Version 2.0 Planning

In the planning phase of version 2.0, we did a lot of thinking about what this version should do. Based on our existing users, technology trends, and community voices, we decided that version 2.0 needed to focus on the following:

  • ** Ensures the stability and correctness of TiDB. ** These two points are the basic functions of a database software. As the cornerstone of a business, any jitter or error may cause a huge impact on the business. There are already a large number of users using TiDB online, and their data volumes are growing and their businesses are evolving. We are very concerned about how to maintain long-term stable operation of TiDB cluster, how to reduce system jitter, and how to conduct intelligent scheduling, so we have done a lot of research and analysis.

  • ** Improves query performance of TiDB under large data volume. ** From the users we contact, many customers have hundreds of GB or more than hundreds of TB of data, on the one hand, the data will continue to increase, on the other hand, also hope to do real-time query of these data.
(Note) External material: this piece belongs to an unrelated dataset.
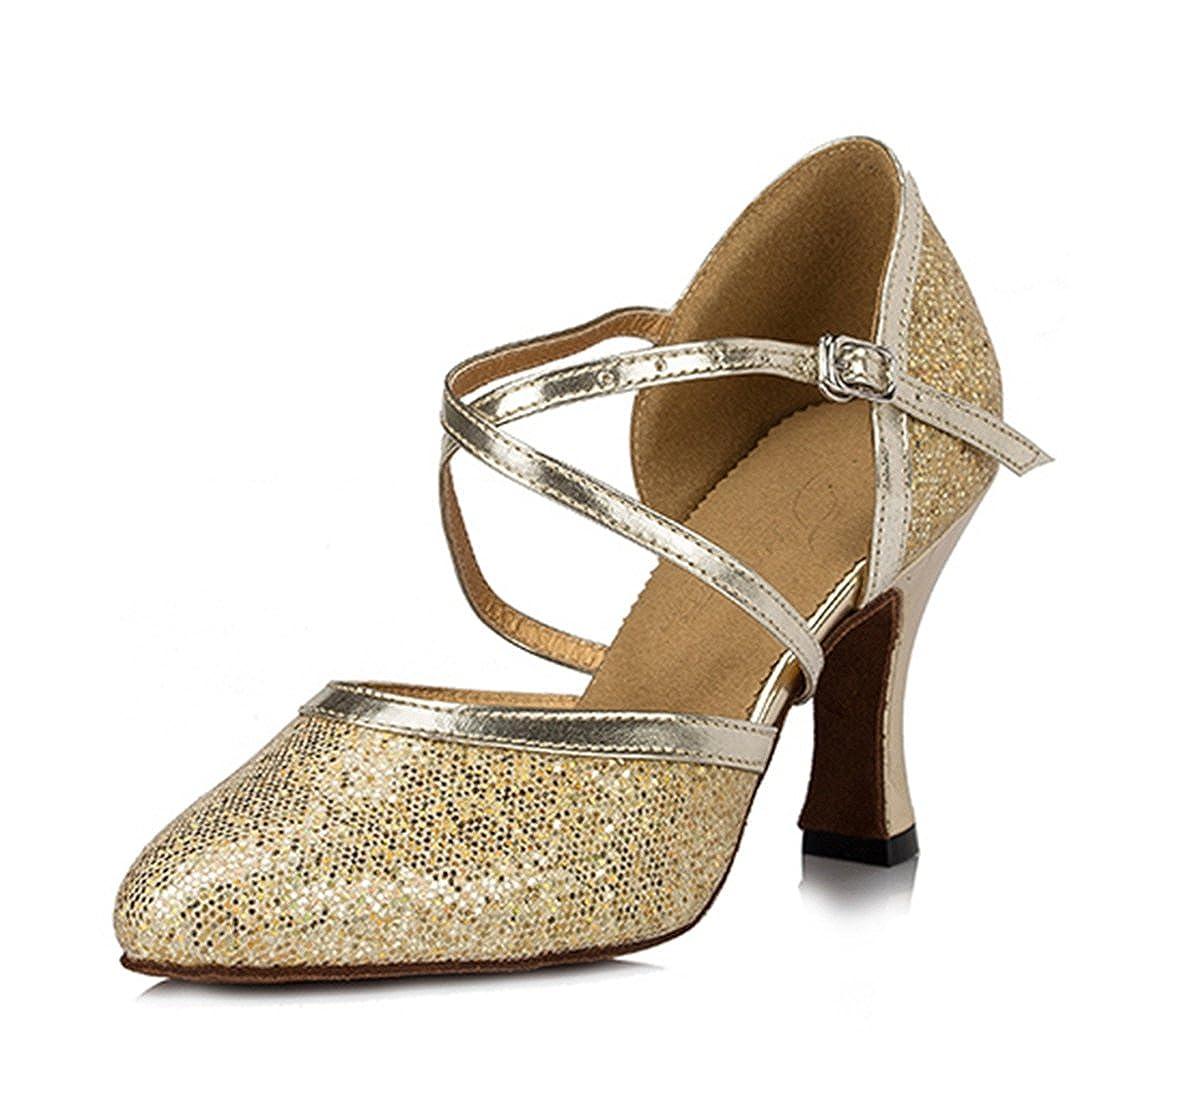 686038b621bab Miyoopark Women's Ankle Strap Glitter Buckle Synthetic Ballroom Salsa Latin  Dance Shoes

Therefore, if it can improve the query performance under large data volume, it will be very helpful to users.

  • ** Optimized TiDB for ease of use and maintainability. ** The complexity of the whole TiDB system is relatively high, and the difficulty of operation, maintenance and use is greater than that of a stand-alone database. Therefore, we hope to provide as convenient a solution as possible to help users use TiDB. For example, simplify deployment, upgrade, and expansion as much as possible, and locate system anomalies as easily as possible.

Around the above three principles, we have made a lot of improvements, some of which are visible to the outside world (such as the significant improvement of OLAP performance, a large number of monitoring items and various optimizations of operation and maintenance tools), and many of which are hidden behind the database to improve the stability and correctness of the database.

Correctness and stability

After the 1.0 release, we started building and refining the automated test platform Schrodinger, a radical departure from manually deploying cluster tests. We also added a lot of new test cases to cover everything from RocksDB at the bottom, to Raft, to Transaction, to SQL.

In the Chaos test, we introduced more error injection tools, such as using SystemTap to delay I/O, and error injection tests in the code specific business logic, fully ensure that TiDB can run statically under abnormal conditions.

We did a lot of TLA+ demonstration work and some simple testing, and after 1.0 we started using TLA+ system to make sure our implementation was correct in design.

In terms of storage engines, in order to improve the stability and performance of large-scale clusters, we optimized Raft processes and introduced new features such as Region Merge and Raft Learner. Optimize the hot spot scheduling mechanism, collect more information, and make more reasonable scheduling according to these information; Optimize RocksDB’s performance by using features such as Deleted Filesinranges to improve space reclamation efficiency, reduce disk load, and use disk resources more smoothly.

OLAP performance optimization

In version 2.0, we refactored the SQL optimizer and execution engine to select the optimal query plan as quickly as possible and execute it as efficiently as possible.

Version 1.0 has moved from a rules-based query optimizer to a cost-based query optimizer, but it is not perfect. In version 2.0, we optimized the accuracy and timely update of statistics, and improved the SQL optimizer’s capabilities. The estimation of query cost is more accurate, the analysis of complex filtering conditions is more detailed, the processing of associated sub-query is more elegant, and the selection of physical operator is more flexible and accurate.

In this release, the SQL execution engine introduced a new internal data representation called Chunk. A structure holds a batch of data instead of a row of data. The data of the same column is continuously stored in memory, which makes the memory usage more compact. Significantly reduced memory consumption; 2. Batch allocation of memory, reducing GC overhead; 3. Data can be transferred in batches between operators to reduce the call overhead; 4. In some scenarios, vector computations can be performed and CPU Cache misses can be reduced.

After the above two changes are made, TiDB performance in OLAP scenario has been greatly improved, as compared with tPC-H github.com/pingcap/doc… All queries run faster in 2.0, and most of them are multiples or orders of magnitude better. In particular, some queries that didn’t run in 1.0 run well in 2.0.

Ease of use and operation

To make TiDB easier to install and use, we have also made a number of optimizations in monitoring, operations, and tools.

In terms of monitoring, more than 100 monitoring items are added, and some runtime information is exposed through HTTP interfaces and SQL statements for system tuning or locating problems in the system.

In terms of operation and maintenance, our operation and maintenance tools have been optimized to simplify the operation process, reduce the operation complexity and the impact of the operation process on the online. At the same time, it has more diversified functions, including automatic deployment of the Binlog component and TLS.

Version update

A rolling upgrade from TiDB 1.0 to 2.0 is available, as described in this document.

One more thing

We released it at the same timeTiSpark 1.0 GAVersion, know?